Эти две несообразицы и были “не прочитаны”; третья, не прочитанная не сообразица, которая зависит уже не от знания блоковского языка, а только от искусства медленного чтения. Например, кому принадлежат слова “У тебя на шее, Катя” и весь этот монолог – они принадлежат не Петрухе, а Ваньке.
Ай, да Ванька, он плечист!
Ай - да Ванька, он речист!
Катьку-дуру обнимает,
Заговаривает…
Запрокинулась лицом,
Зубки блещут жемчугом…
Ах ты, Катя, моя Катя,
Толстоморденькая…
А дальше прямо прямая речь:
У тебя на шее Катя,
Шрам не зажил от ножа.
У тебя над грудью, Катя,
Та царапина свежа!
Эх, эх попляши!
Больно ножки хороши!
То есть, даже таких простых вещей наши критики, и Максимилиан Александрович Волошин в том числе, не прочли. Никто не обратил внимание на то, что отставшего от двенадцати Ваньку-ренегата, зовут Иоанном, то есть именем любимого ученика.
“Двенадцать”, видимо, потому, что дьявол сам ангельской природы и нового сам выдумать ничего не мог: он созерцатель, а не творец.
Не прочитанная, не проработанная, не понятая, не узнанная поэма - Блоку досталась как Божья расплата за его великую прижизненную славу, он должен был в конце жизни испытать свой кеносис.
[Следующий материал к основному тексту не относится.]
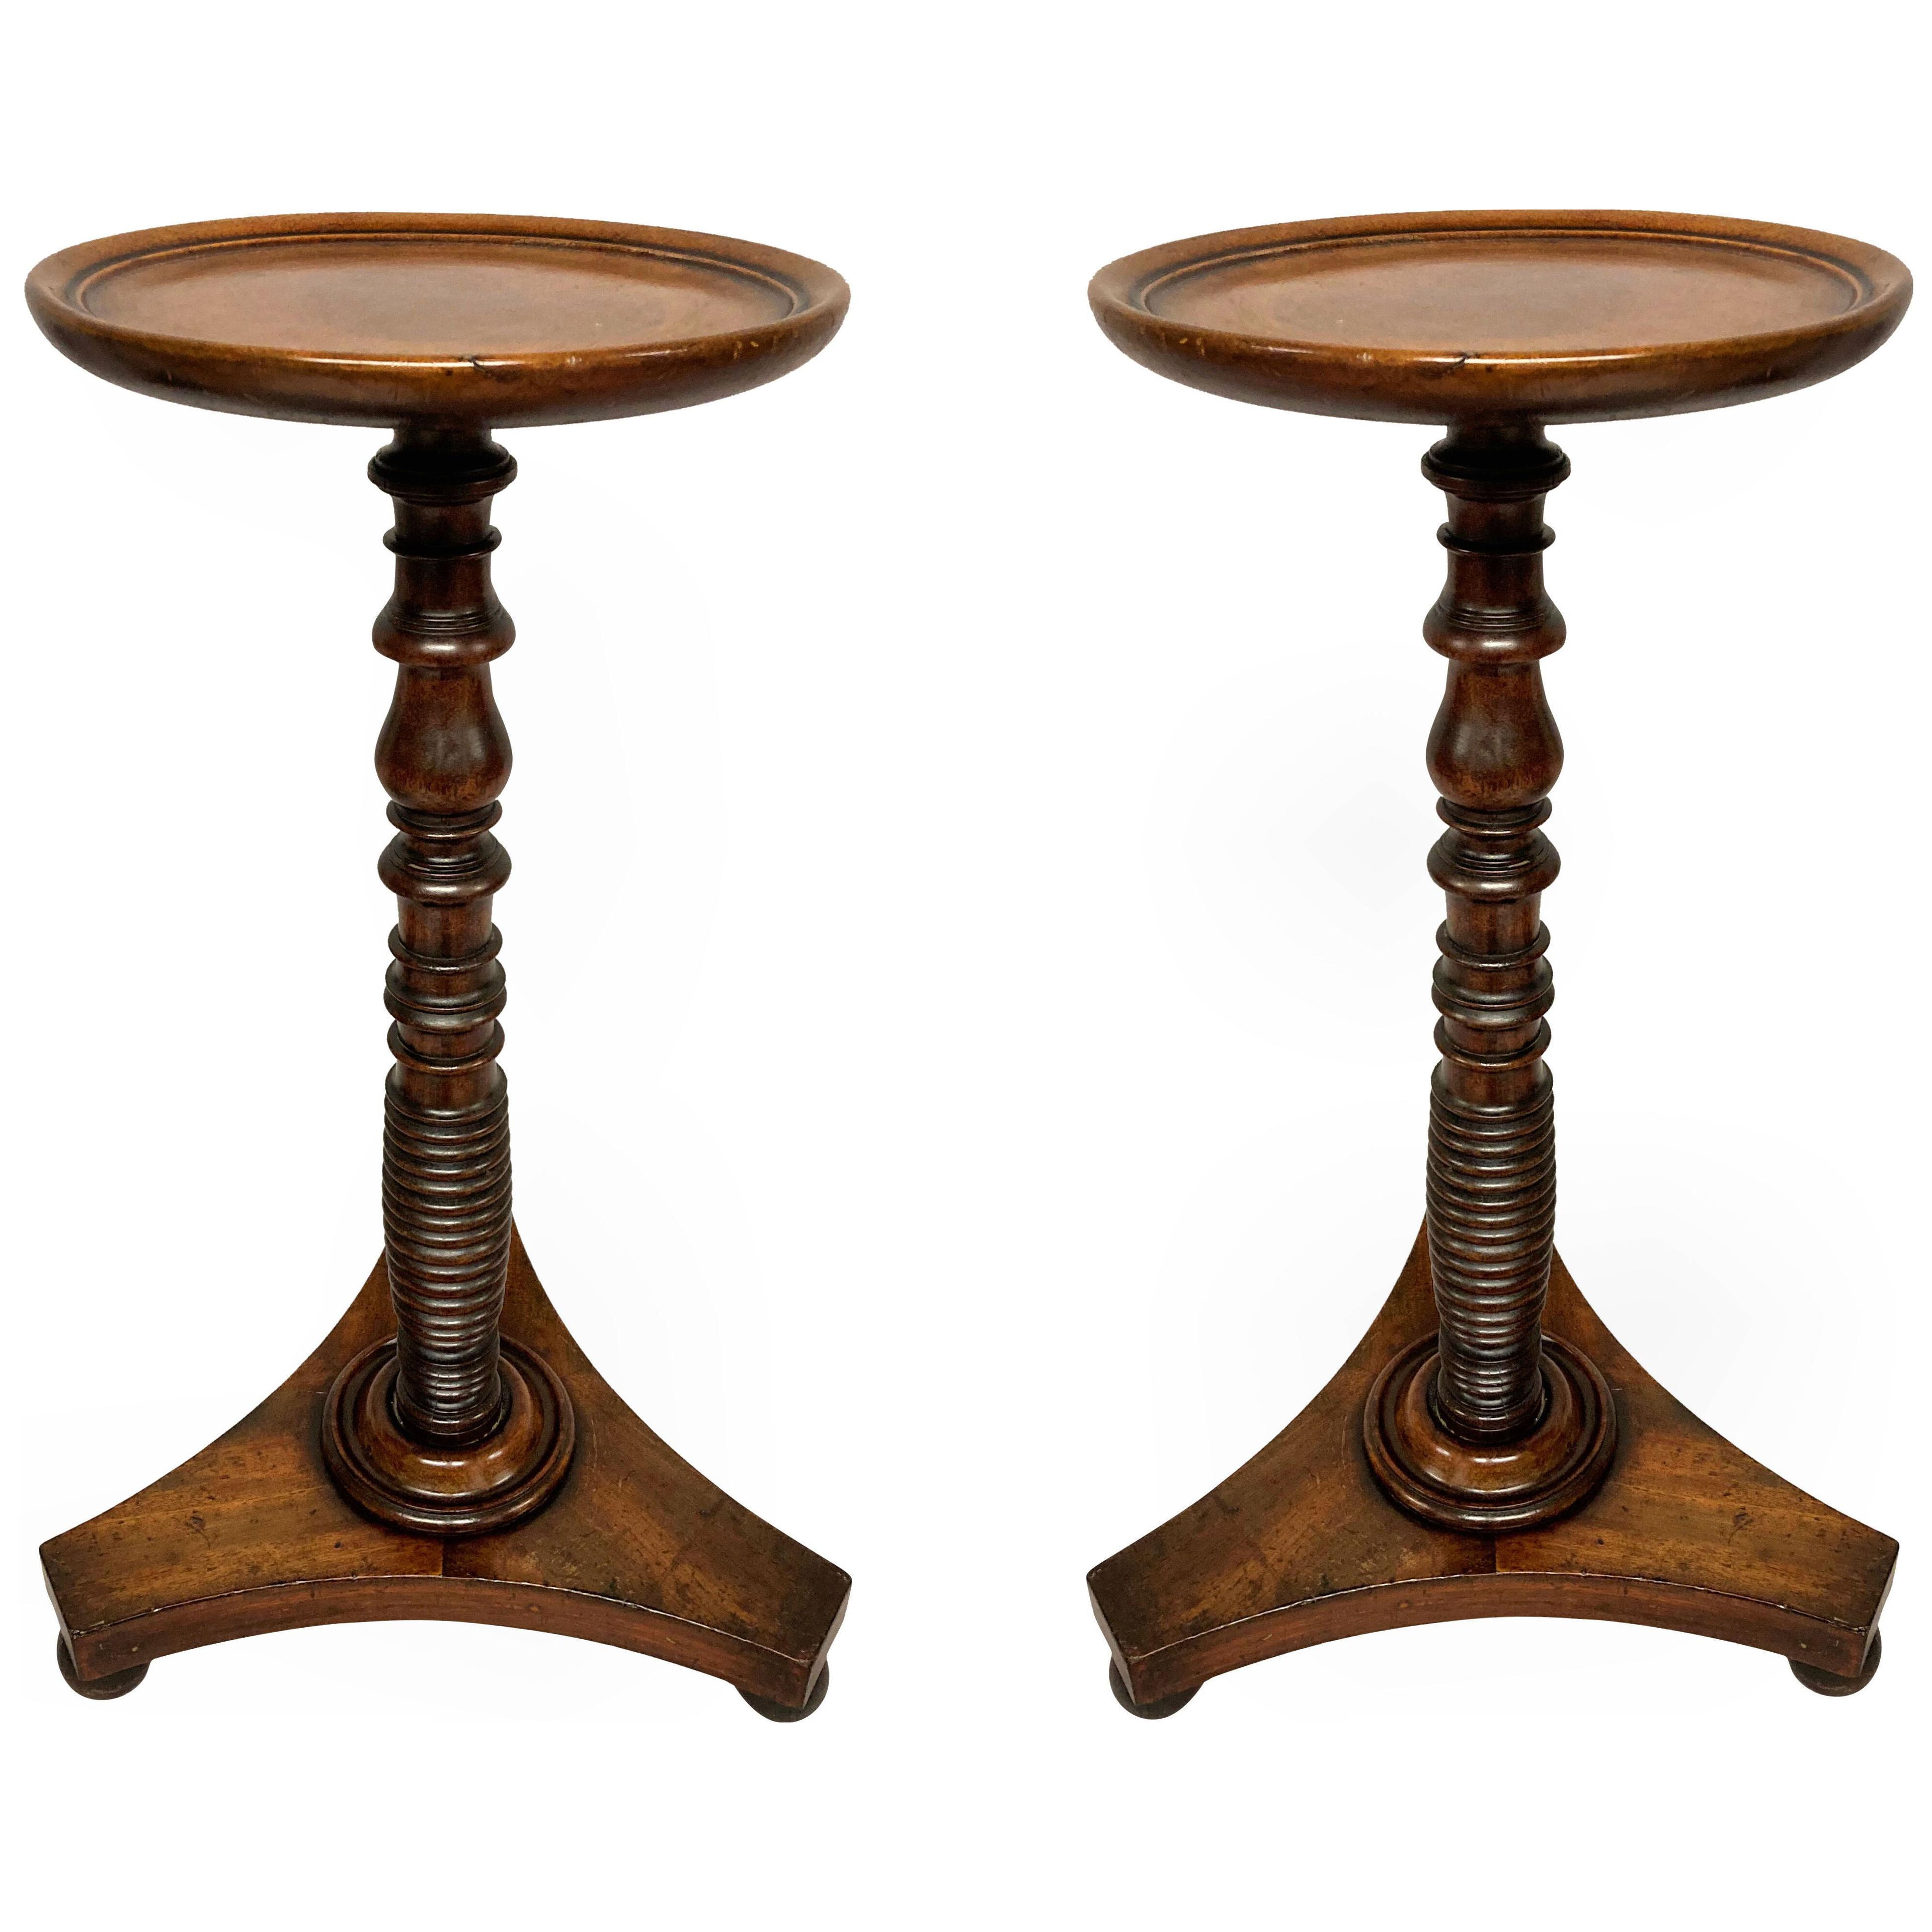 A PAIR OF WILLIAM IV MAHOGANY WINE TABLES

Что касается Самого Христа, то в данном случае Максимилиан Волошин, видимо, прав, что в этом появлении Христа в конце “вьюжной поэмы” нет ничего неожиданного. Как всегда у Блока, Он невидимо присутствует и сквозит сквозь наваждения мира.
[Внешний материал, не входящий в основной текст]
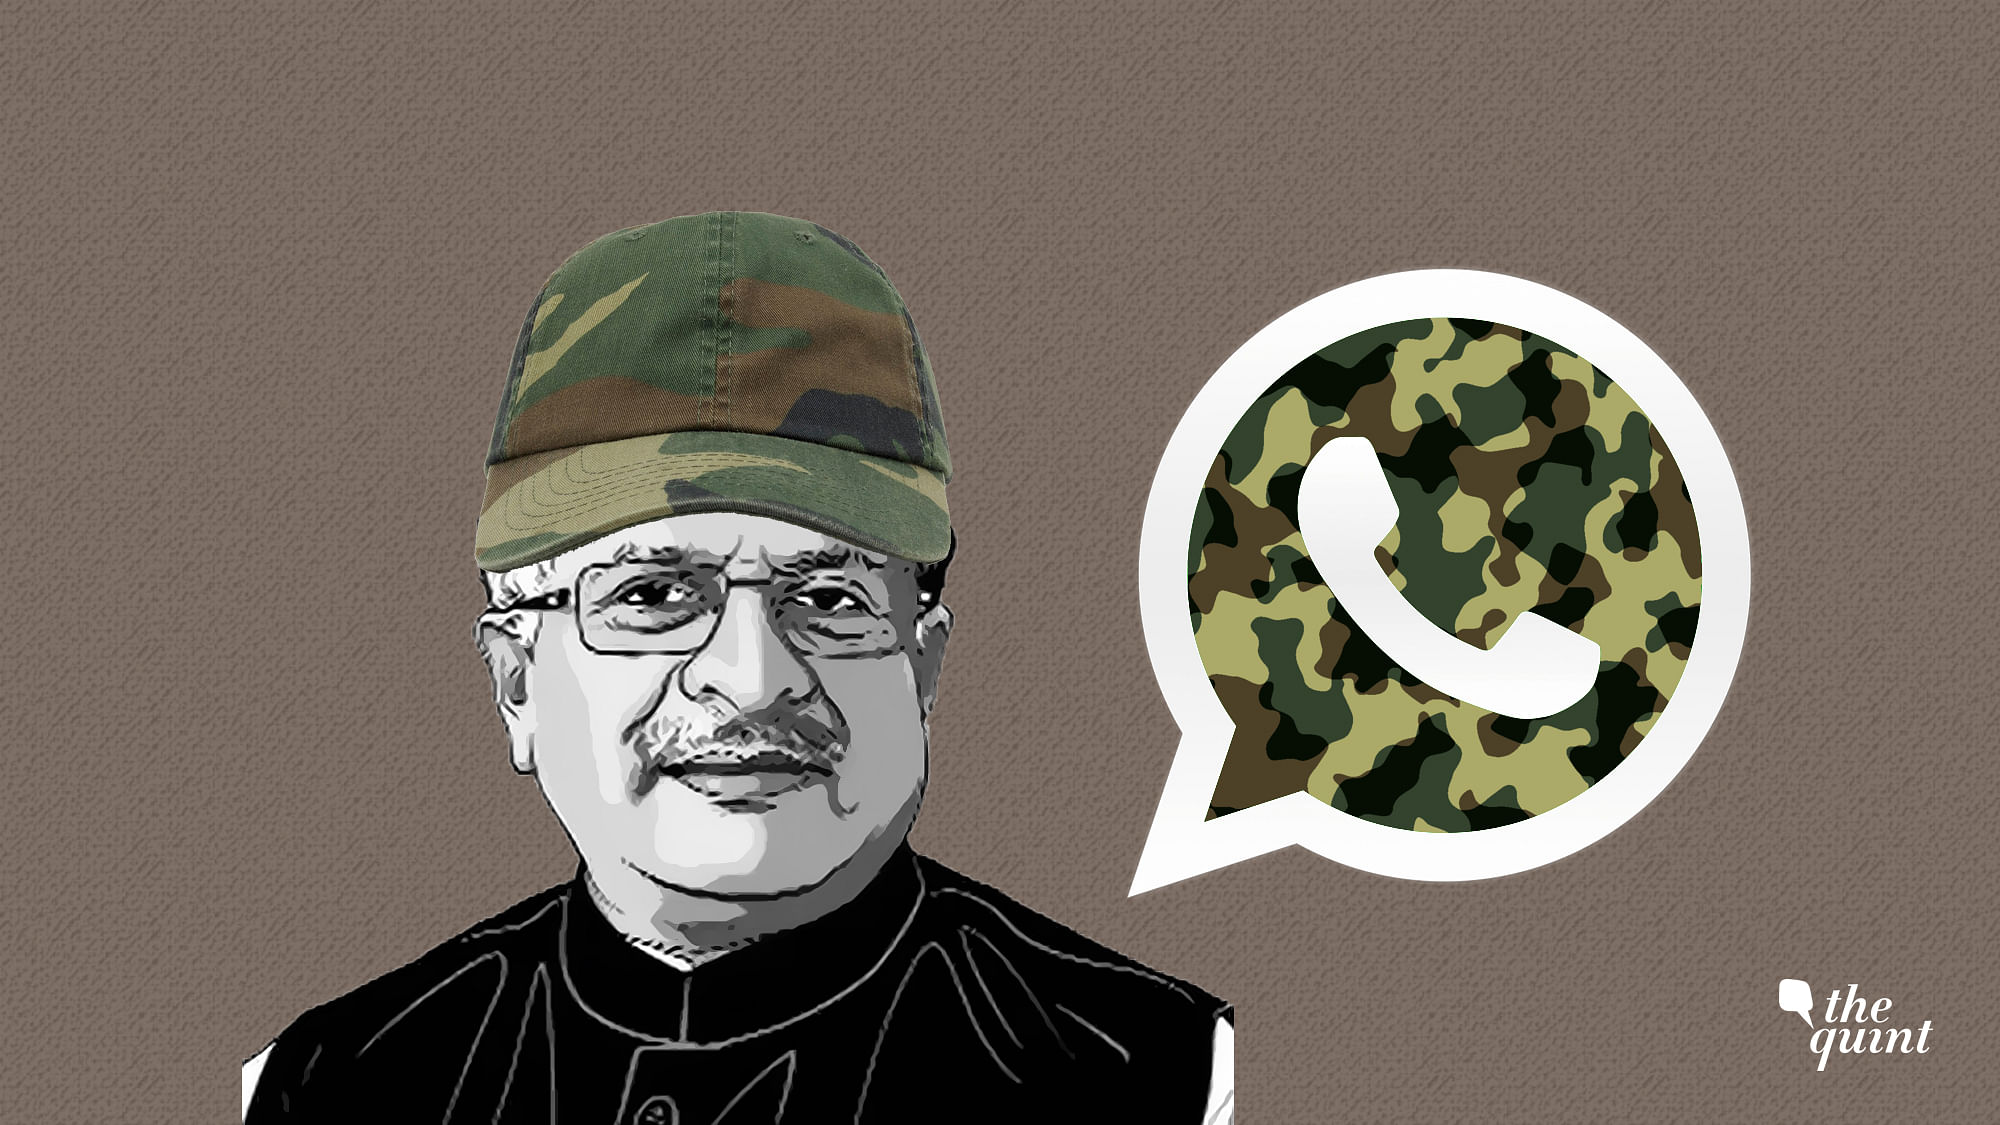 “We wrestle on Twitter. The battle is on Facebook. The war is on WhatsApp.” – Ankit Lal, a top strategist for the Aam Aadmi Party is famously quoted as saying.&nbsp;

После первого “Эх, эх, без креста” - Христос уже здесь.
Красный флаг в руке у Христа – в этом тоже нет никакой кощунственной бессмыслицы: “кровавый флаг” – это новый крест Христа, символ Его теперешних страстей, то есть, новое предсказание.
Но этому грядущему - пророков было много. Когда Временное правительство объявило отмену смертной казни, Волошин тогда же написал: “Значит, революция будет очень долгой и очень кровавой”[188].
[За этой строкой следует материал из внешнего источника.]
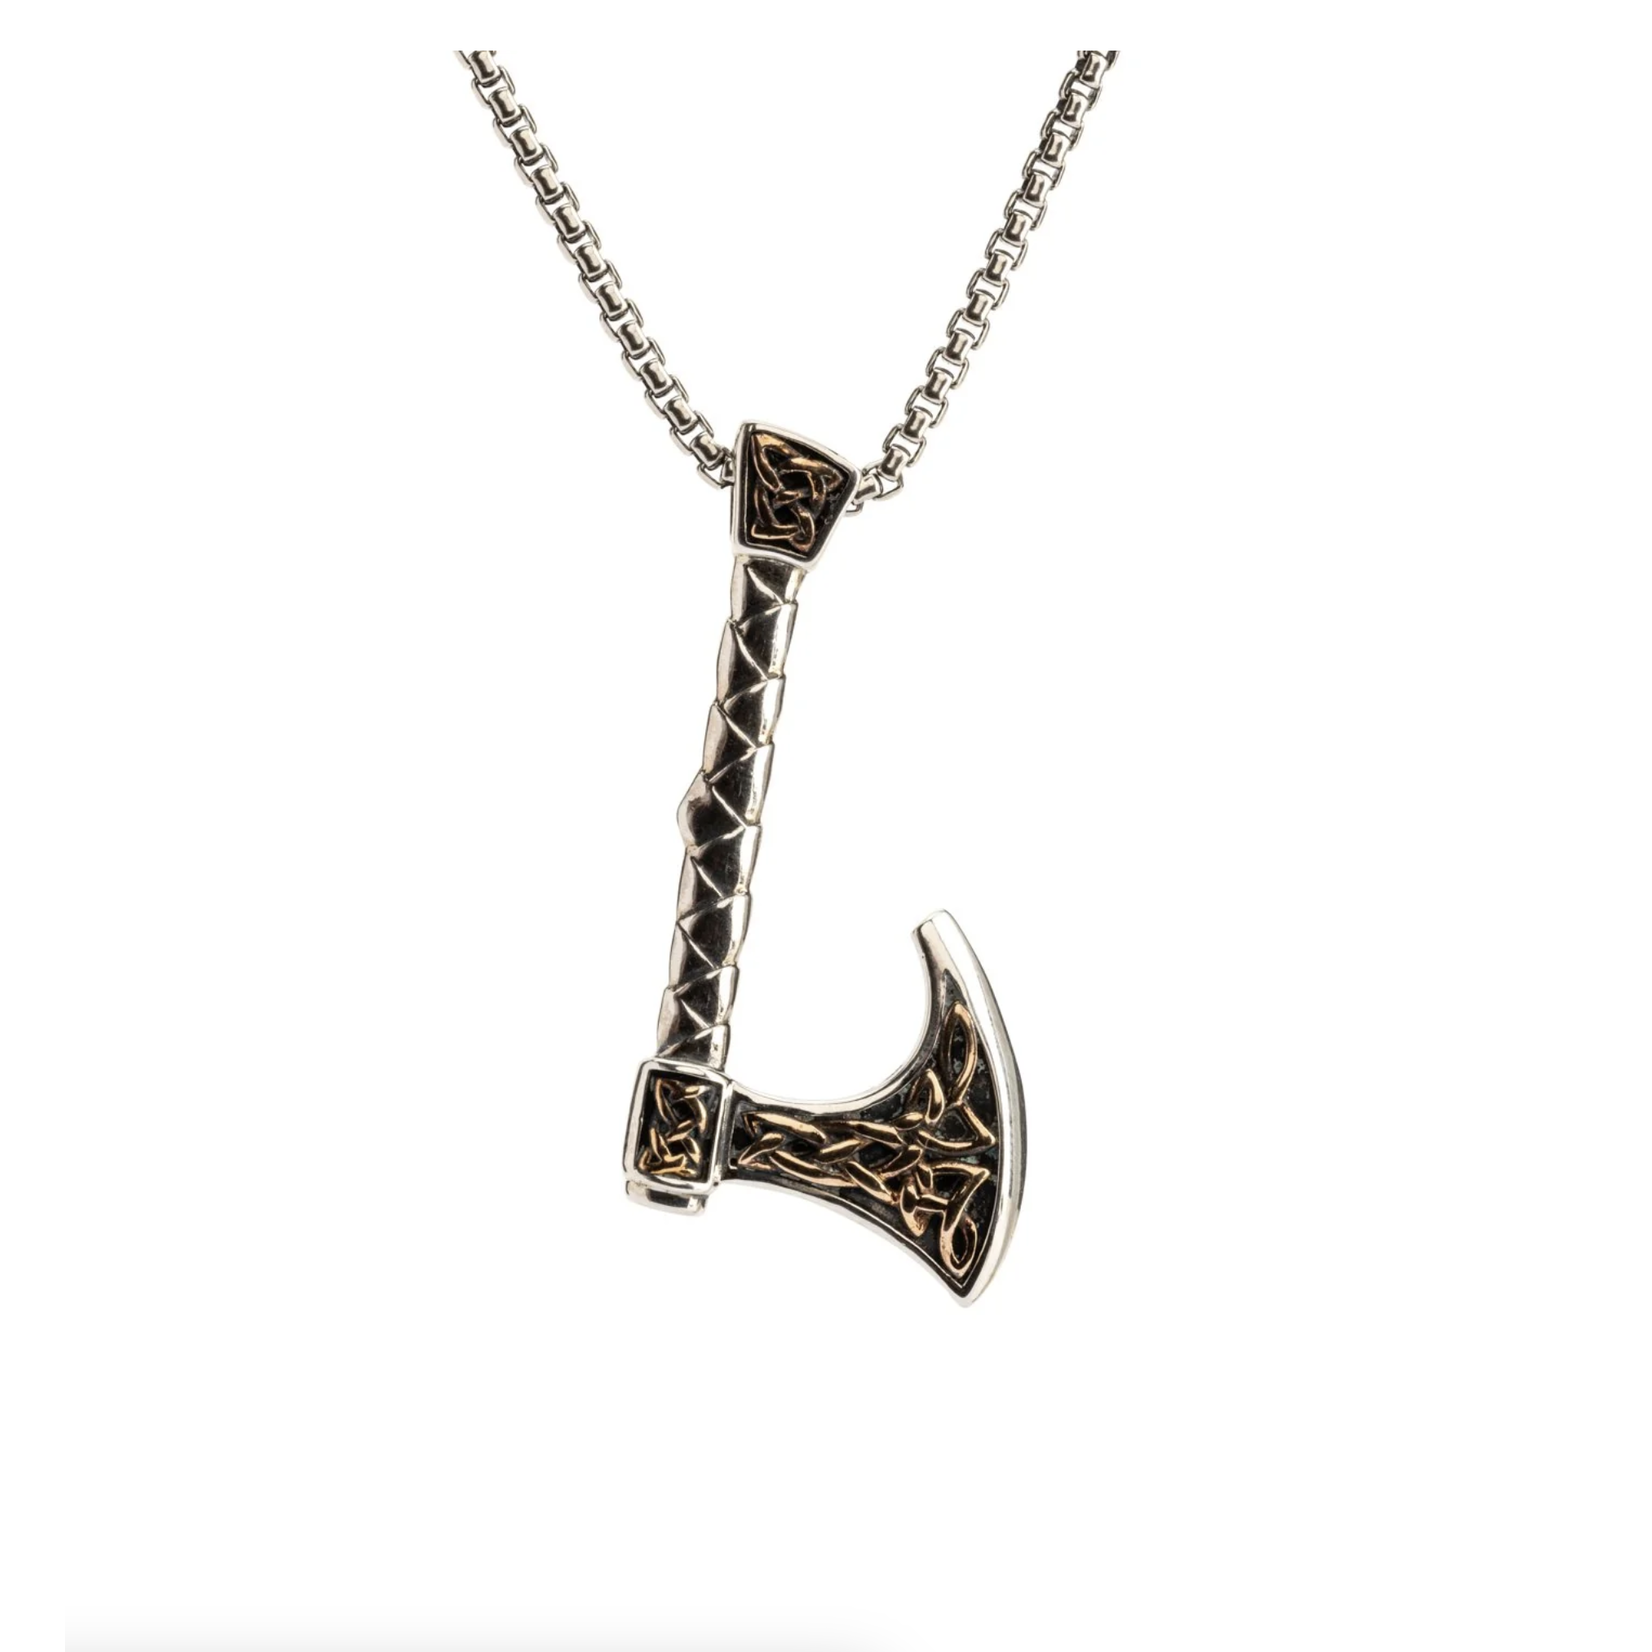 Keith Jack Silver and Bronze Viking Warrior Axe Necklace

Блок написал то, что “через него сказалось”, он этой поэмы никогда не читал вслух, хотя нечего было есть. У Блока после этой поэмы, собственно, поэзия кончается, начинается жизнь. Были написаны “Скифы”, но это стихотворение наполовину политическое, недаром тот же Волошин сближал ее с пушкинской “Клеветникам России”.
Скончался Блок 7 августа 1921 года, хоронили его 10 августа, то есть в самый день Смоленской Божией Матери и на Смоленском кладбище.
Новые властители России, в общем-то, звероподобными не были; и уж, во всяком случае, они все были меценатами: каждый из них имел своего поэта[189] (причем “делили” поэтов более или менее мирно). Ильичу достался Горький. Прямо как
В деревне умер мельник. Похоронив отца,
Наследство поделили три брата-молодца.
Один себе взял мельницу, другой ослу был рад
А кот достался младшему, кота взял младший брат.
Горький, имеющий большое всеевропейское имя, достался вождю революции. Второй вождь революции, Главковерх Лев Давидович Троцкий, урожденный Бронштейн, себе выбрал с умом (и этот выбор делает ему честь) - Есенина. Дзержинский – Маяковского.